You are given an integer array nums. In one move, you can pick an index i where 0 <= i < nums.length and increment nums[i] by 1.

Return the minimum number of moves to make every value in nums unique.

The test cases are generated so that the answer fits in a 32-bit integer.

 

Example 1:

Input: nums = [1,2,2]
Output: 1
Explanation: After 1 move, the array could be [1, 2, 3].

Example 2:

Input: nums = [3,2,1,2,1,7]
Output: 6
Explanation: After 6 moves, the array could be [3, 4, 1, 2, 5, 7].
It can be shown that it is impossible for the array to have all unique values with 5 or less moves.

 

Constraints:

  • 1 <= nums.length <= 105
  • 0 <= nums[i] <= 105

Solutions

Solution 1: Sorting + Greedy

First, we sort the array $\textit{nums}$, and use a variable $\textit{y}$ to record the current maximum value, initially $\textit{y} = -1$.
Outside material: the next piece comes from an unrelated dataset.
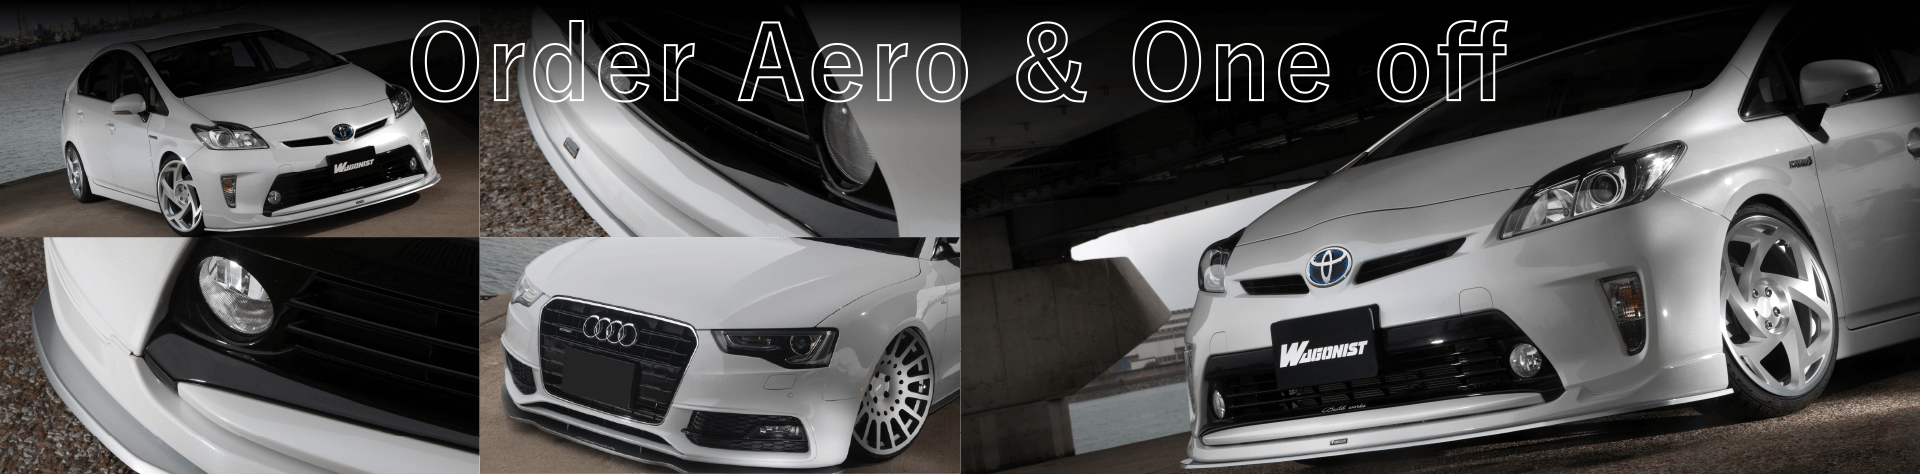 Order Aero & One off

Then, we iterate through the array $\textit{nums}$. For each element $x$, we update $y$ to $\max(y + 1, x)$, and accumulate the operation count $y - x$ into the result.

After completing the iteration, we return the result.

The time complexity is $O(n \log n)$, and the space complexity is $O(\log n)$. Here, $n$ is the length of the array $\textit{nums}$.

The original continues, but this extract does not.